**Data below**
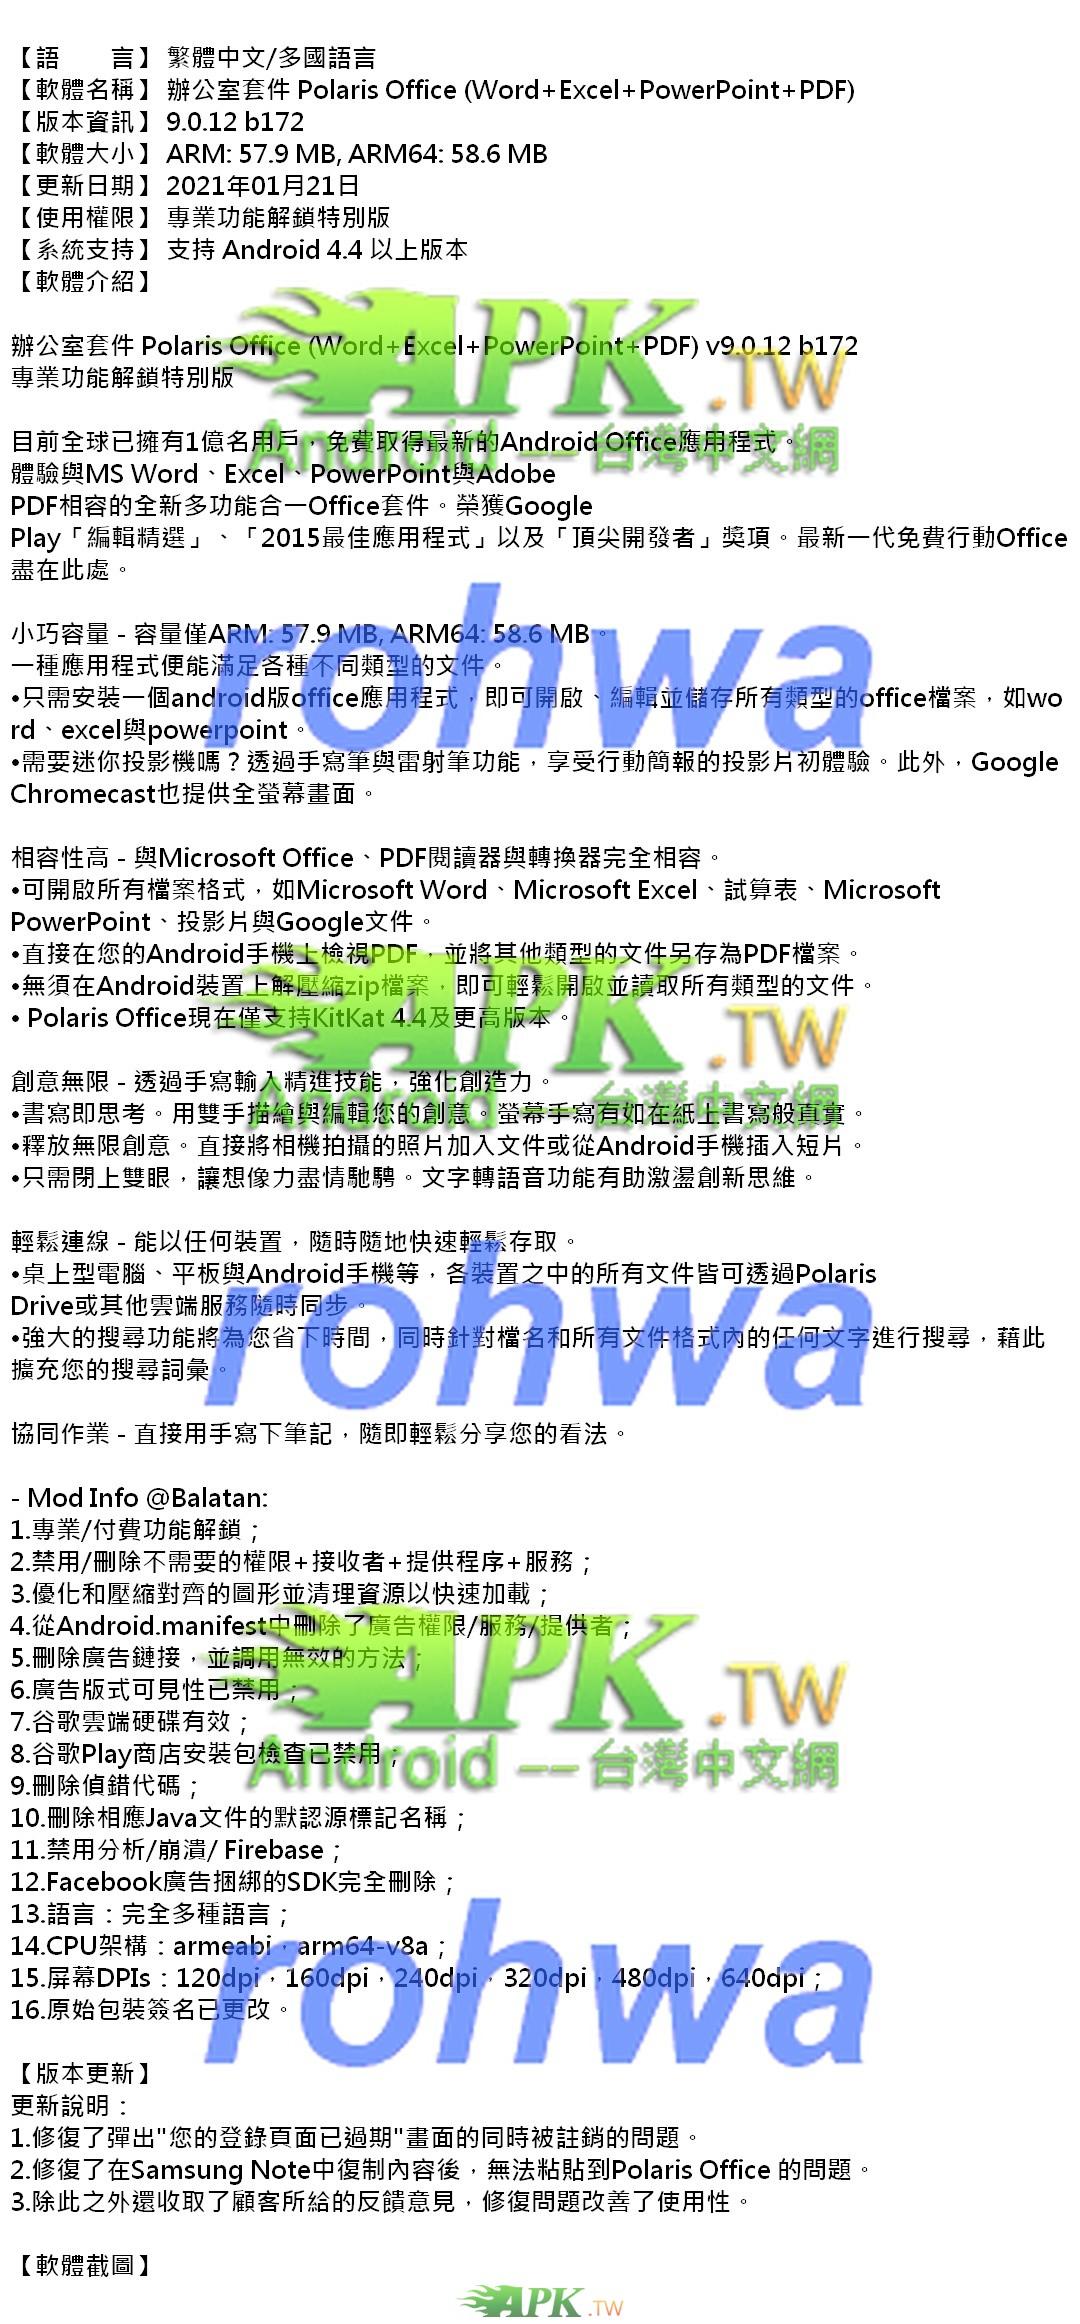 PolarisOffice_Pro_9.0.12_.jpg
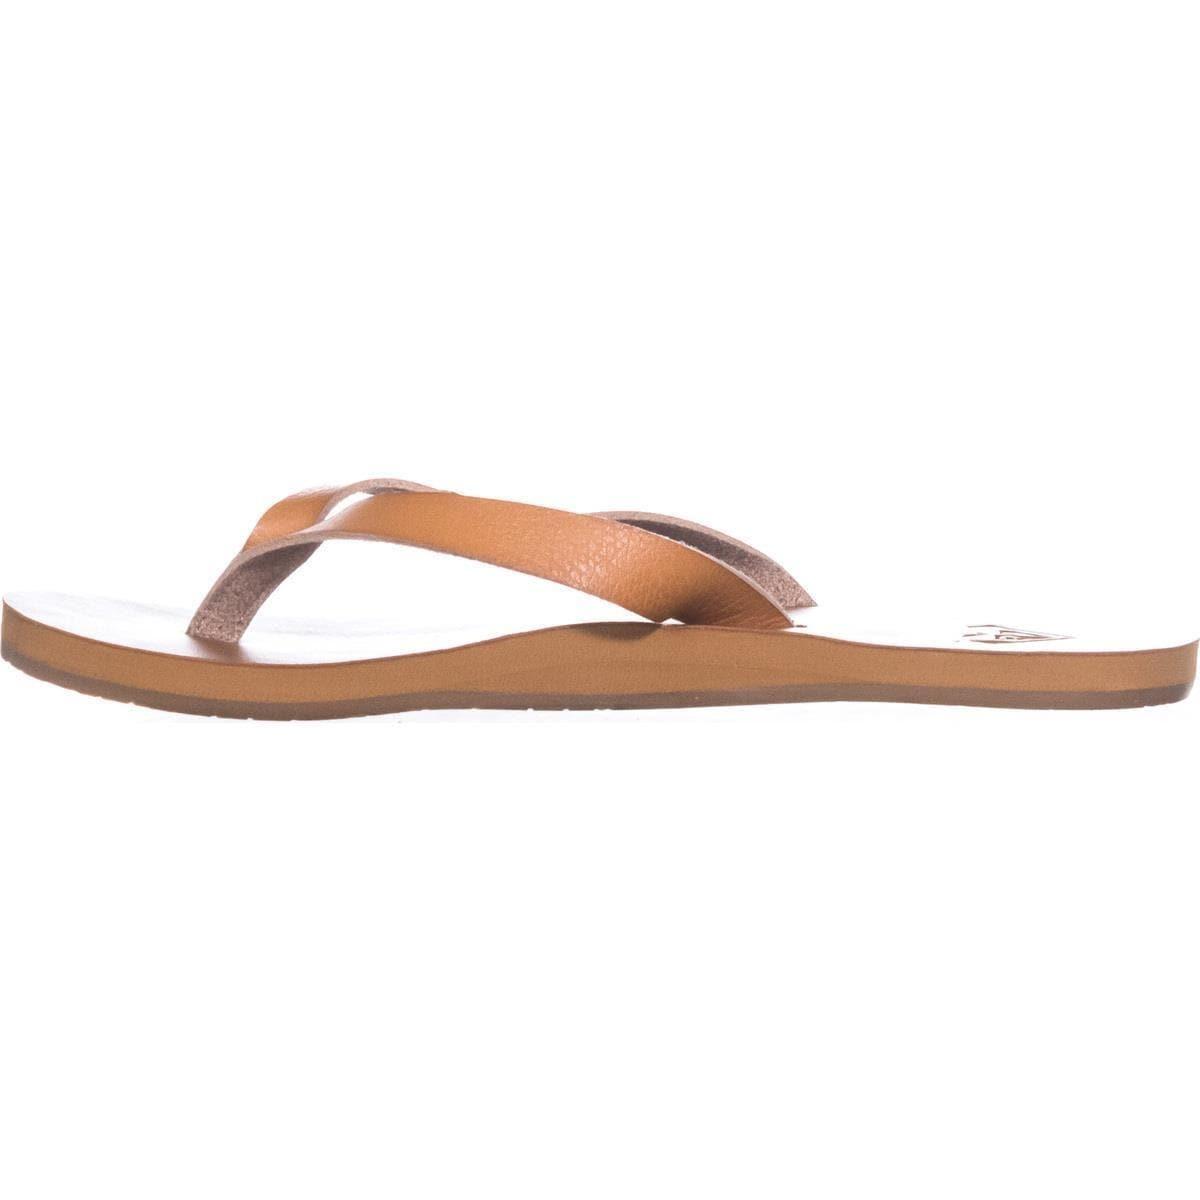 fd053d0c6be Shop Roxy Jyll Classic Casual Flat Flip Flops
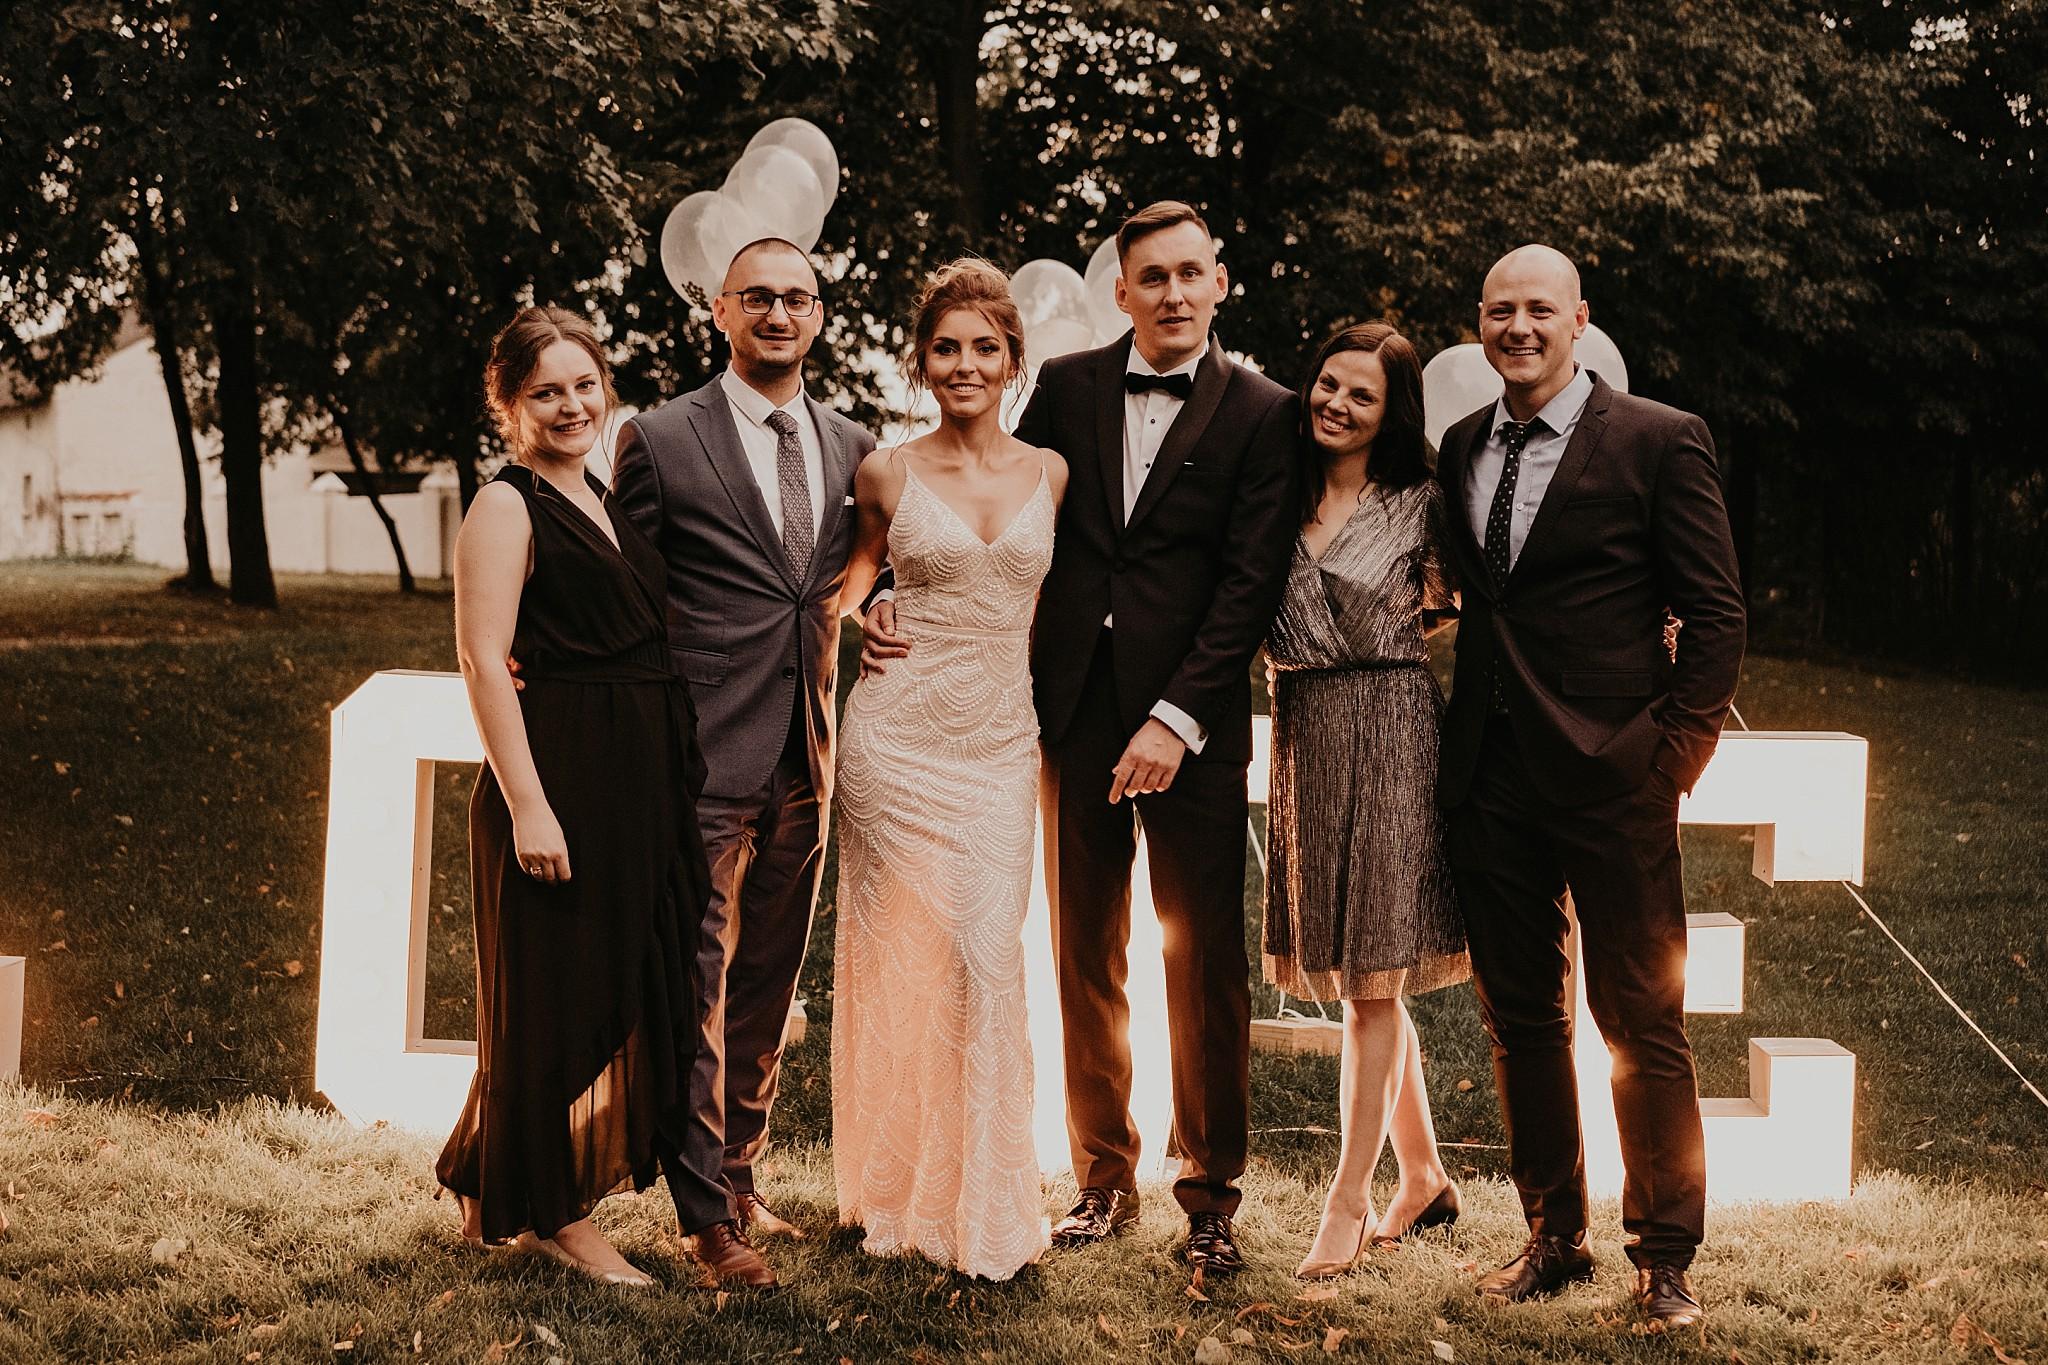 fotograf poznan wesele dobra truskawka piekne wesele pod poznaniem wesele w dobrej truskawce piekna para mloda slub marzen slub koronawirus slub listopad wesele koronawirus 337

**Work to be completed**
With pictures excluded, output the listing above exactly as it stands.

**Task solution**
 PolarisOffice_Pro_9.0.12_.jpg
 fd053d0c6be Shop Roxy Jyll Classic Casual Flat Flip Flops
 fotograf poznan wesele dobra truskawka piekne wesele pod poznaniem wesele w dobrej truskawce piekna para mloda slub marzen slub koronawirus slub listopad wesele koronawirus 337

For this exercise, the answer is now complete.